== TASK ==
Leaving out all pictures, write out word for word the lines from the one containing "Artline Poster Markers" to the end of the data below.

== DATA SEGMENT ==
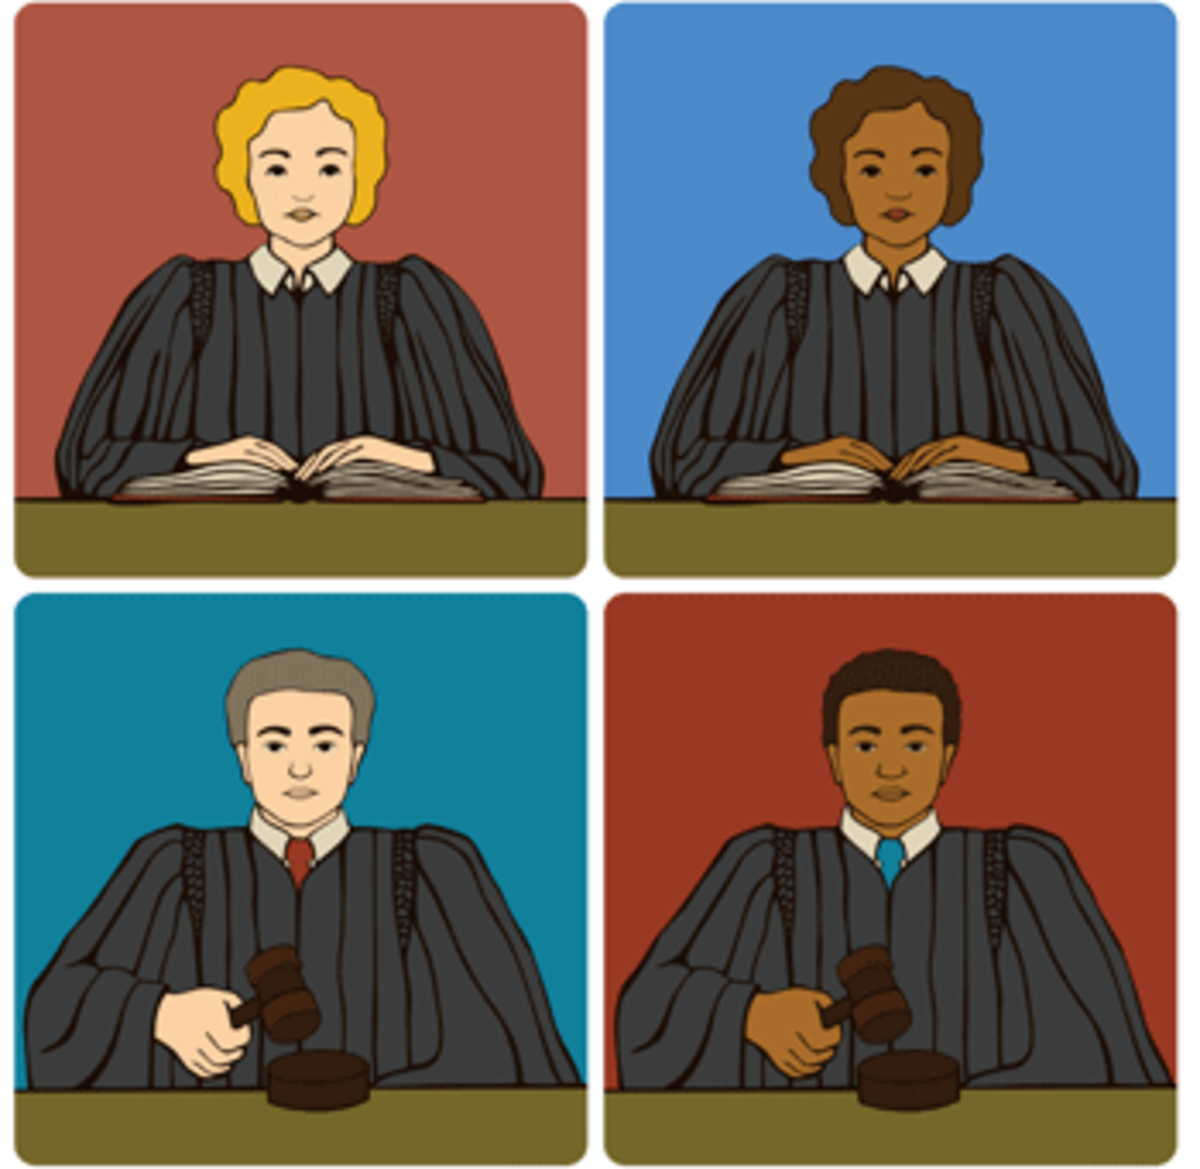 judging the judges
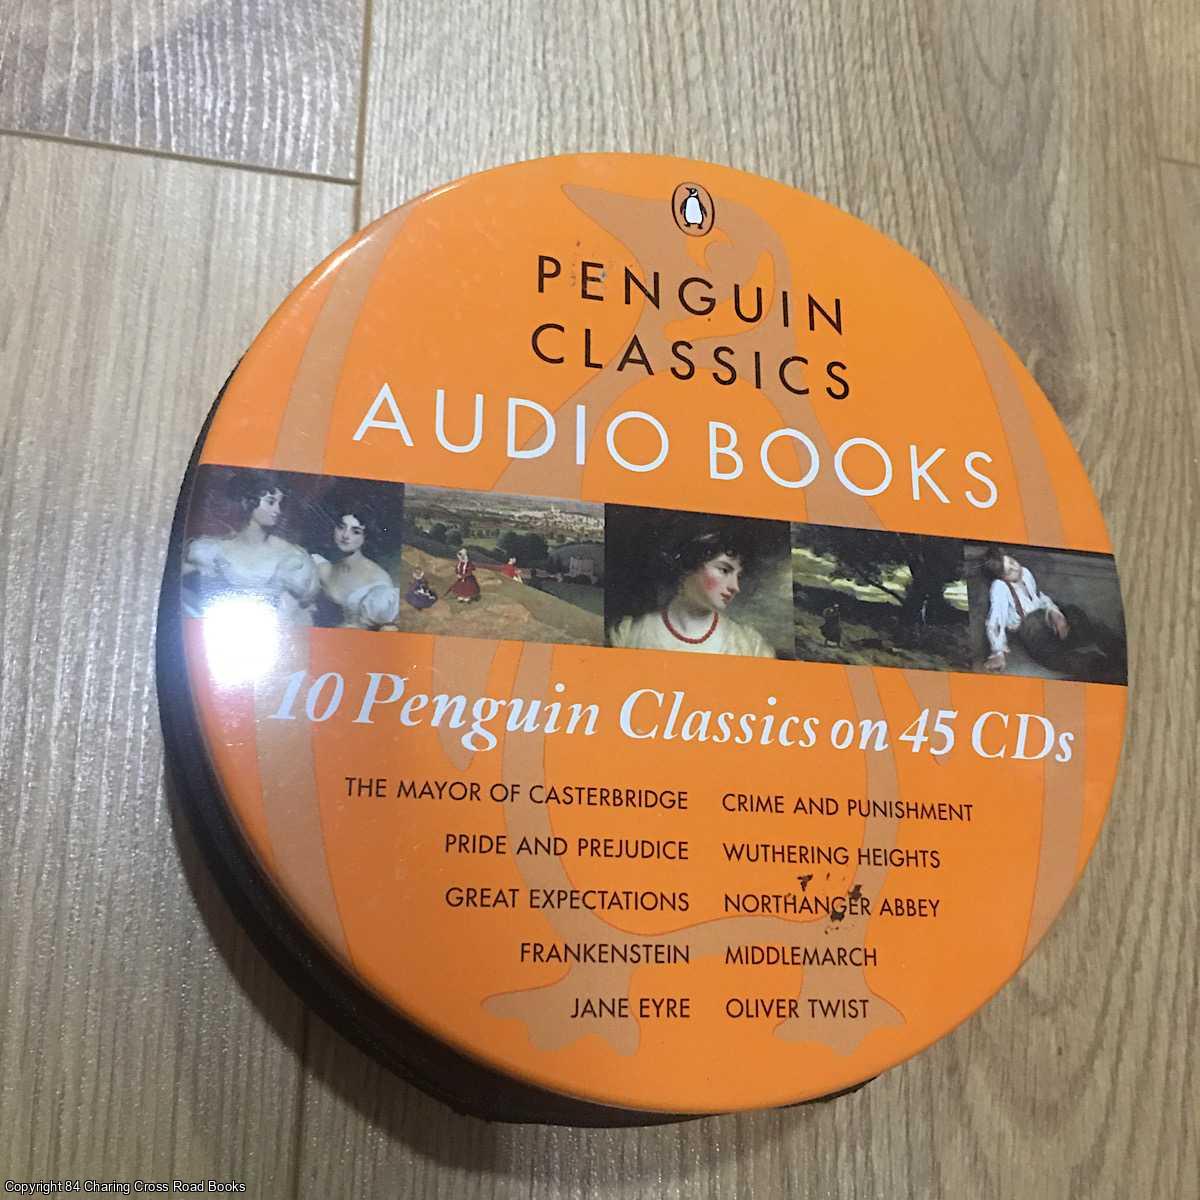  - 10 Penguin Classics on 45 CDs
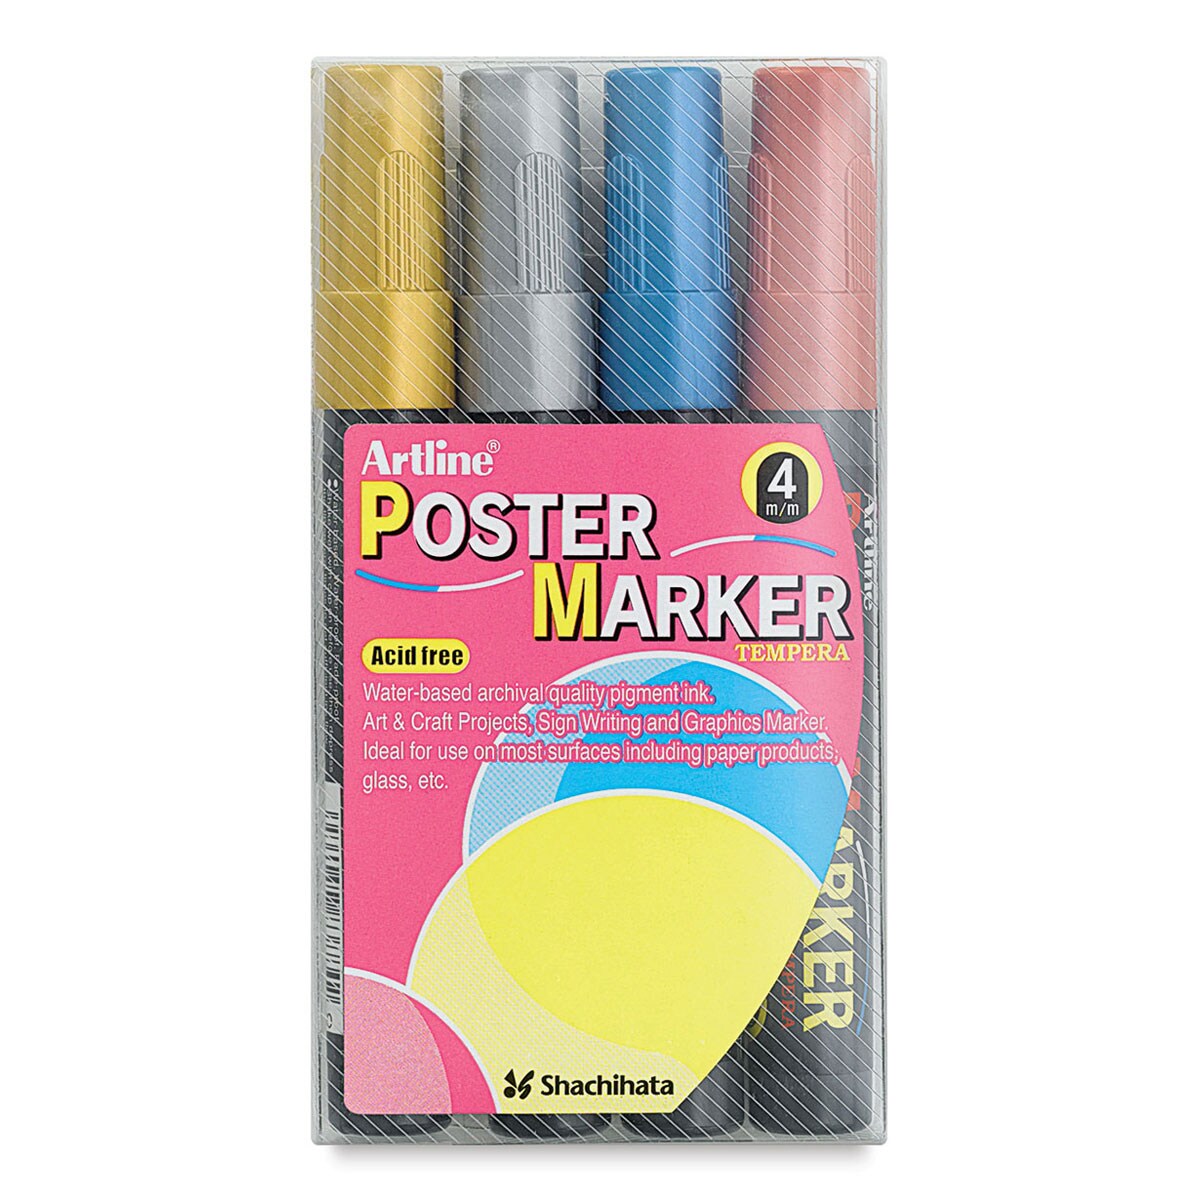 Artline Poster Markers - 4 mm Tip, Metallic Colors, Set of 4
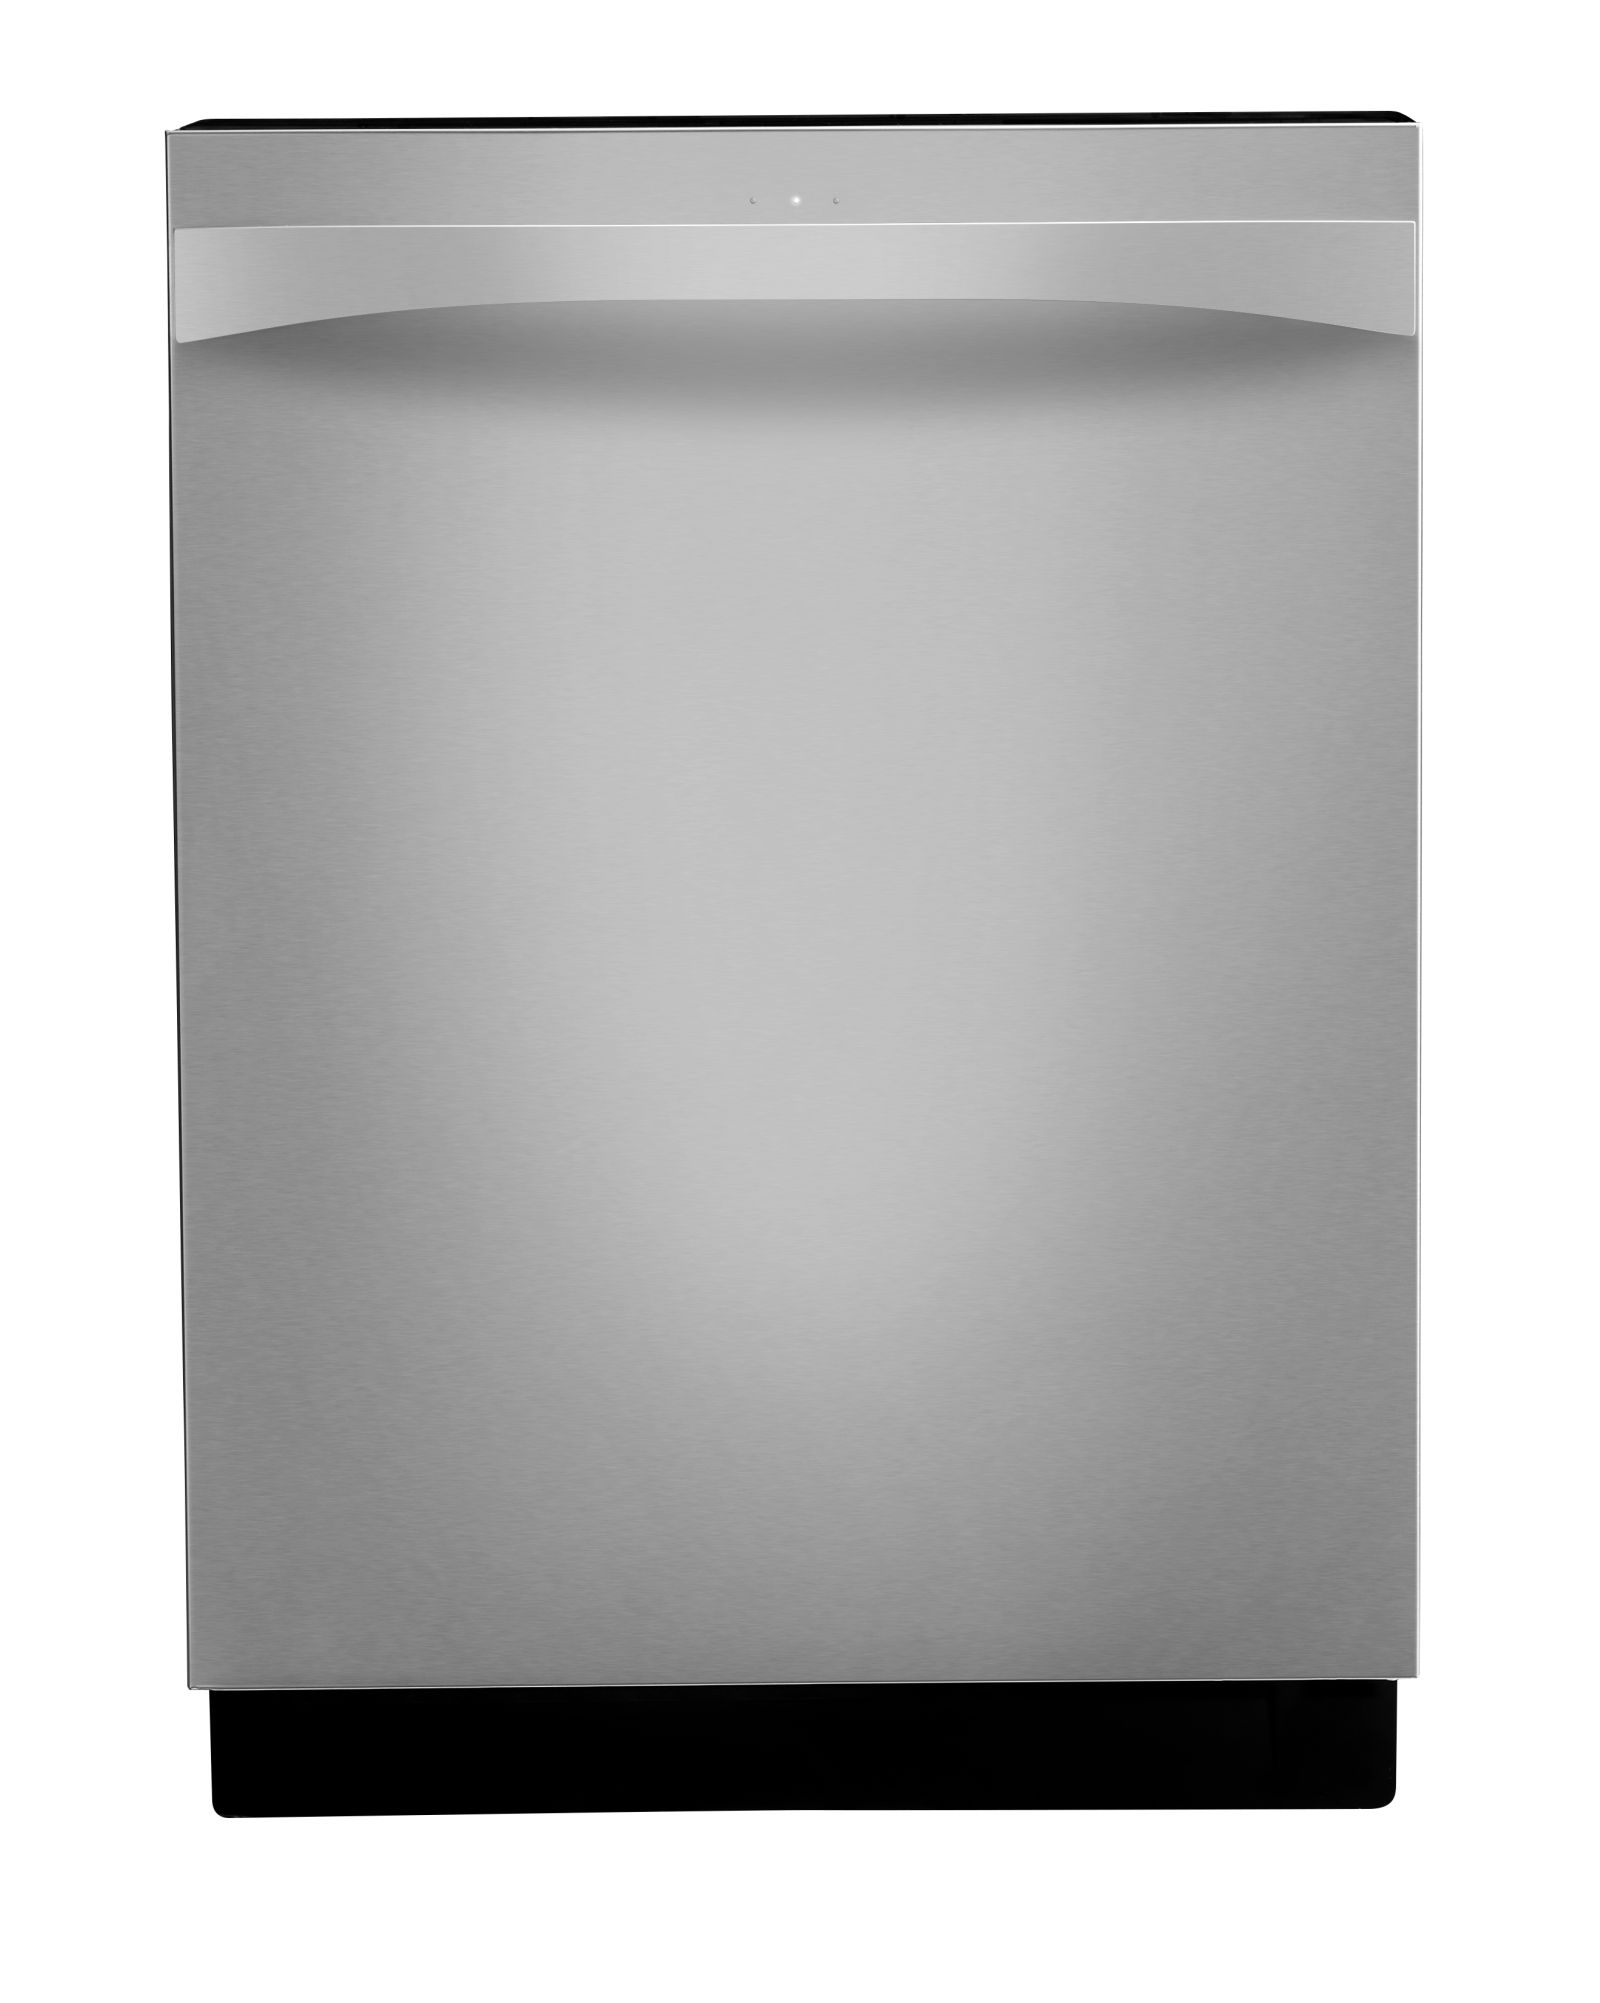 Kenmore Elite 14673 Smart Dishwasher

== EXERCISE ANSWER ==
 Artline Poster Markers - 4 mm Tip, Metallic Colors, Set of 4
 Kenmore Elite 14673 Smart Dishwasher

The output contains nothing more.